Gas Breathing Bacteria
Deep in the Gulf of Mexico, around volcanoes, scientists have found mussels and sponges living with oil-loving bacteria. Part of the Cycloclasticus genus, the bacteria focus in on butane, ethane, and propane and live within sponges and mussels so that they can filter water rich in these short chain alkanes to the bacteria. The interesting part is that this specific species cannot degrade polycyclic aromatic hydrocarbons, PHAs, like the rest of the genus. Symbiotic oil-based relationships are rare and scientists are still studying it to understand the dynamic further. The study was led by Maxim Rubin-Blum and Nicole Dubilier from the Max Planck Institute for Marine Microbiology in Bremen, Germany.

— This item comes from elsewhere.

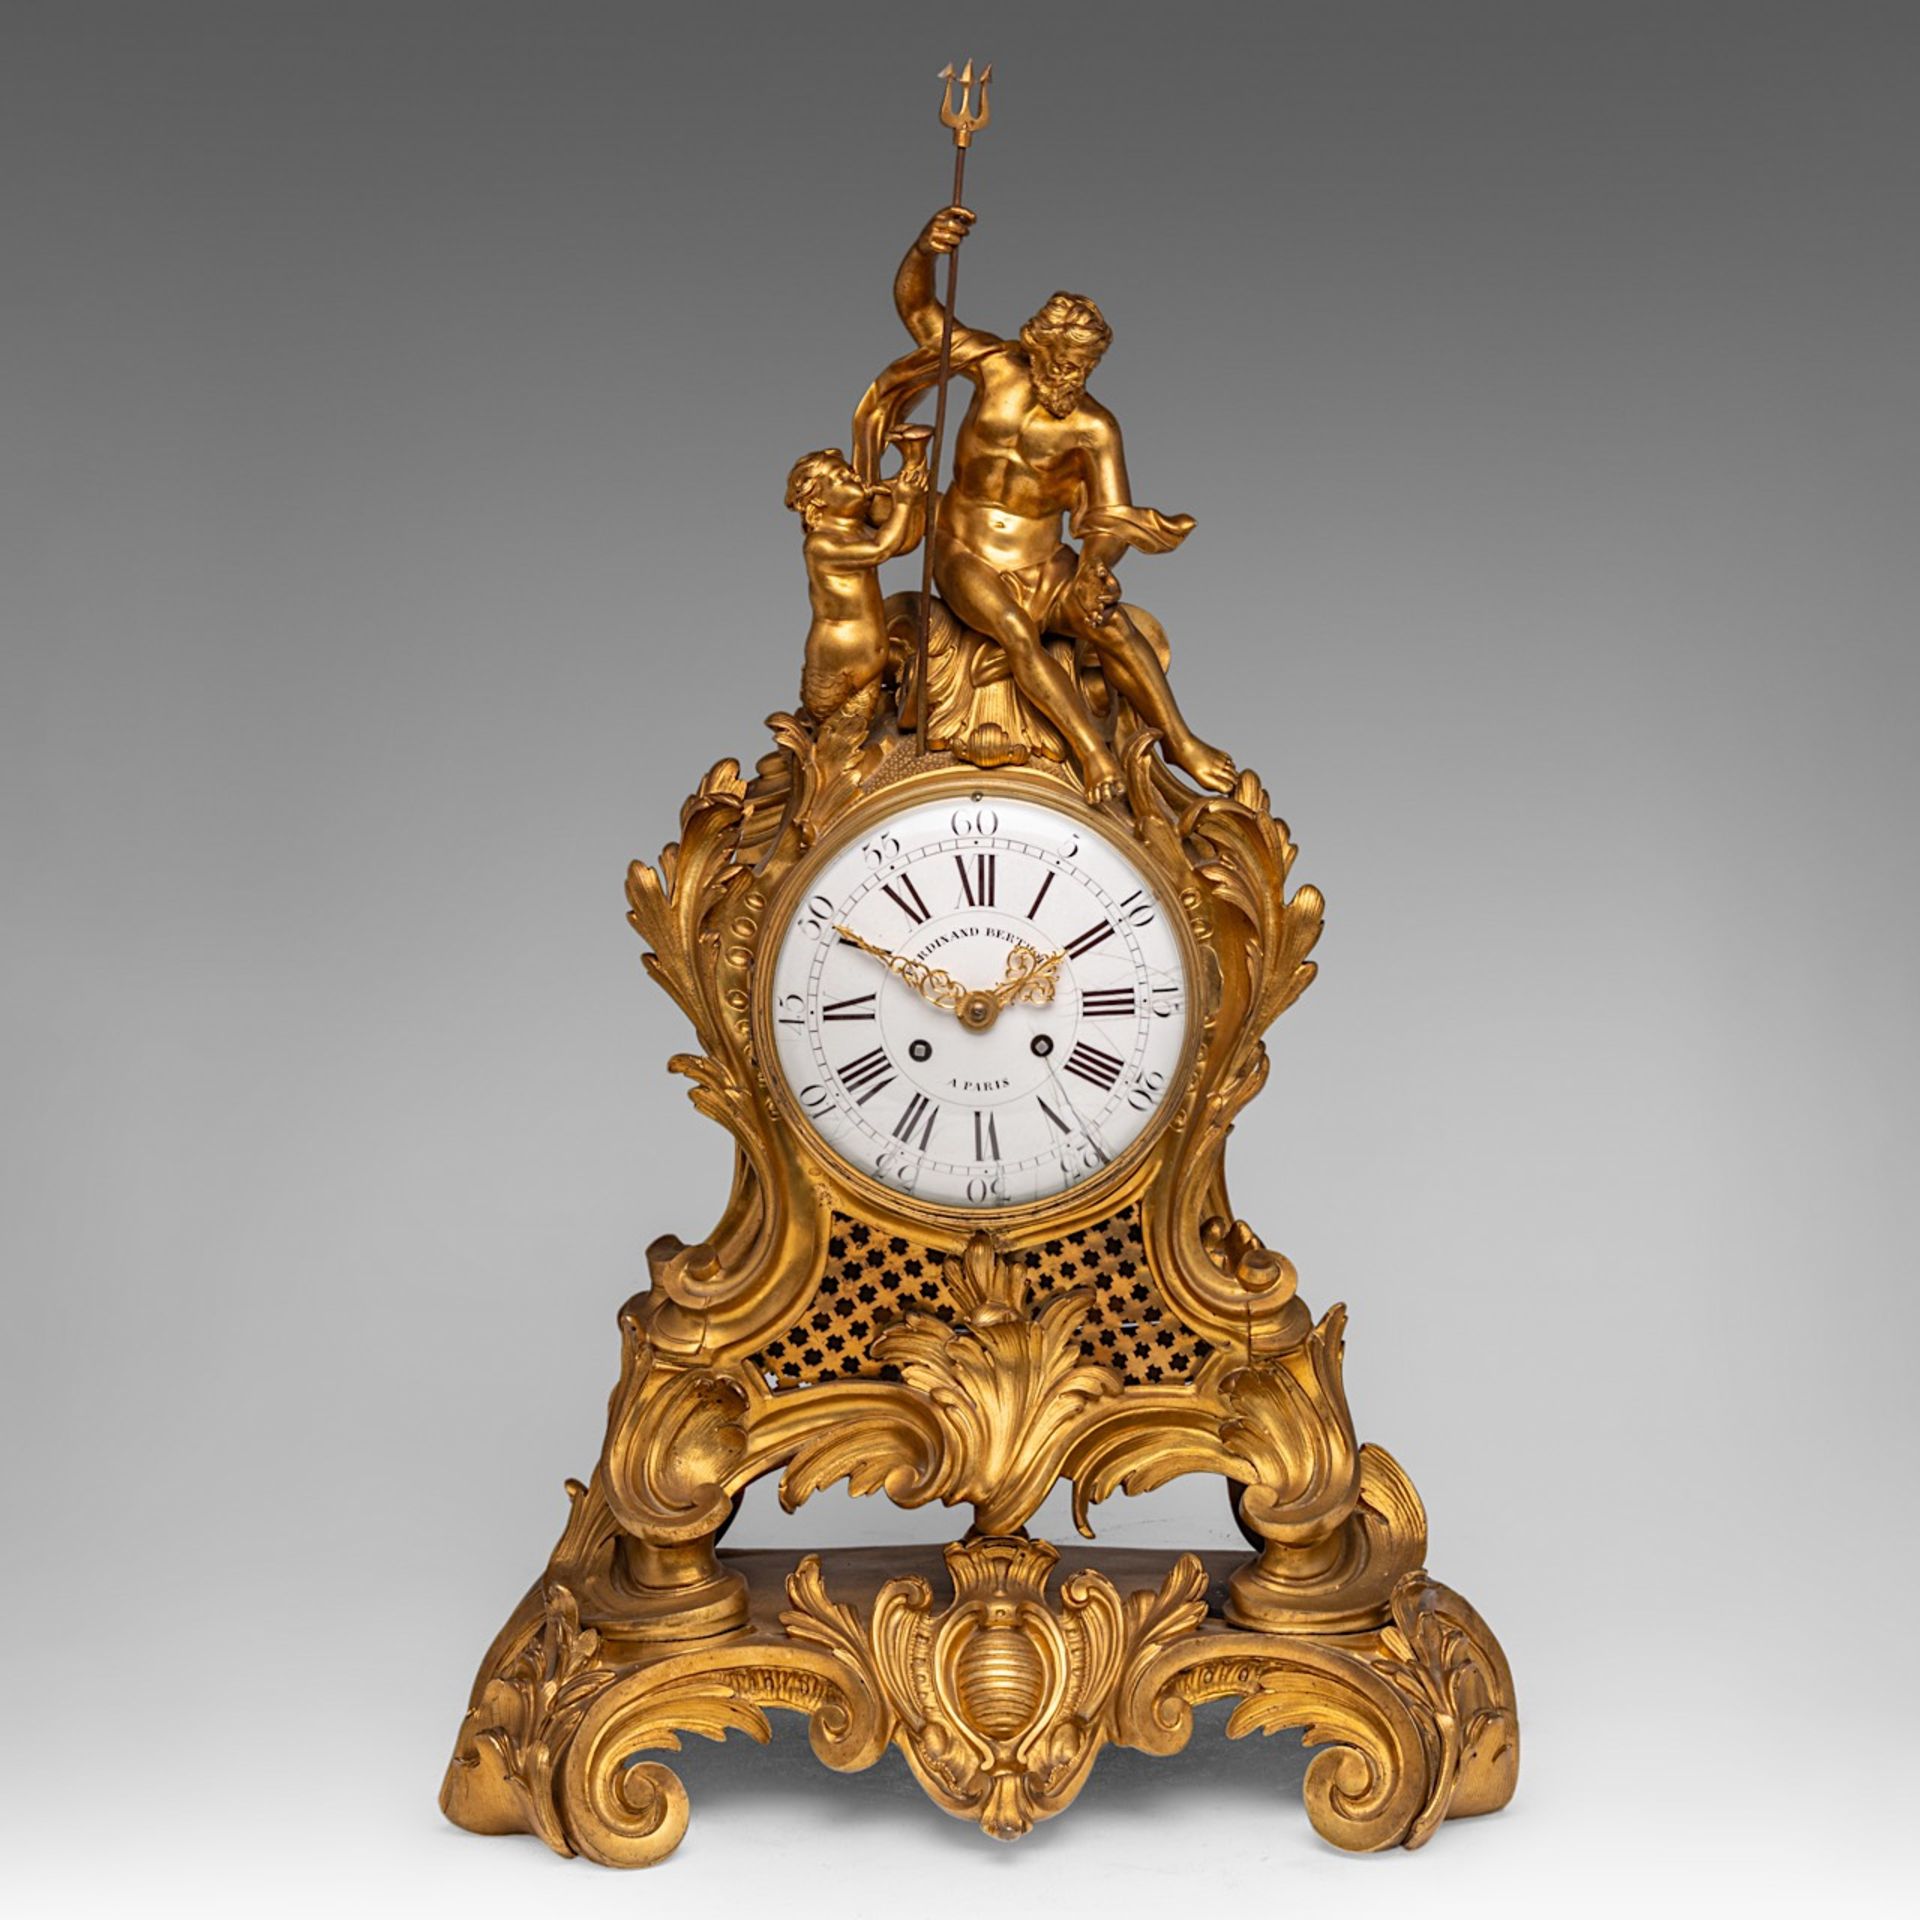 A Rococo Revival gilt bronze mantle clock, decorated with Neptune, Ferdinand Berthoud, H 71 cm

Salvatore Sauro (Professor of dental biomaterials and minimally invasive dentistry at CEU Cardenal Herrera University, in Spain) collaborated with colleagues from Brazil, Germany, Finland, Belgium and the UK to work on a method of dental repair. They have been working on a material to restore teeth in general. Everyone knows to brush their teeth but the actual reason we do it is bacteria. There is a constant war between keeping our teeth clean and bacteria spreading acid which destroys them. In the course of the study the researchers came up with 2 materials based on bioactive glass. Their focus was reducing the damage to teeth and regenerating them. One material contained micro-particles of Bioglass 45S5 (an old compound called Bioglass which can bind to teeth to repair it) and the other had, “…micro-particles of an experimental bioactive glass enriched with fluoride and high amount of phosphates.” The second compound turned out to be more efficient, especially in suppressing the proteins that degrade our teeth. The end is simply a proposal that this new material should be used to improve dental repair in the future.
Breaking the Bandwidth
A traditional rule in physics has recently been broken. For a long time physicists thought that a wave’s storage length was inversely proportional to its bandwidth. You can store a short bandwidth for longer times or a longer one for short periods. This unfortunately limits the information you can store but has now been shown to be untrue. Initially led by Kosmas Tsakmakidis (University of Ottawa) and then taken up by Hatice Altug (EPFL’s Bionanophotonic Systems Laboratory), they created a hybrid resonant / wave-guiding system with a magneto-optic material. When a magnetic field was applied, waves were stored while accumulating energy. When it was taken away, the waves were released. Using asymmetric and non-reciprocal approaches, large bandwidths could be generated on waves stored for a long time. There are numerous possibilities for this discovery but the listed fields are telecommunications, optical detection systems and broadband energy.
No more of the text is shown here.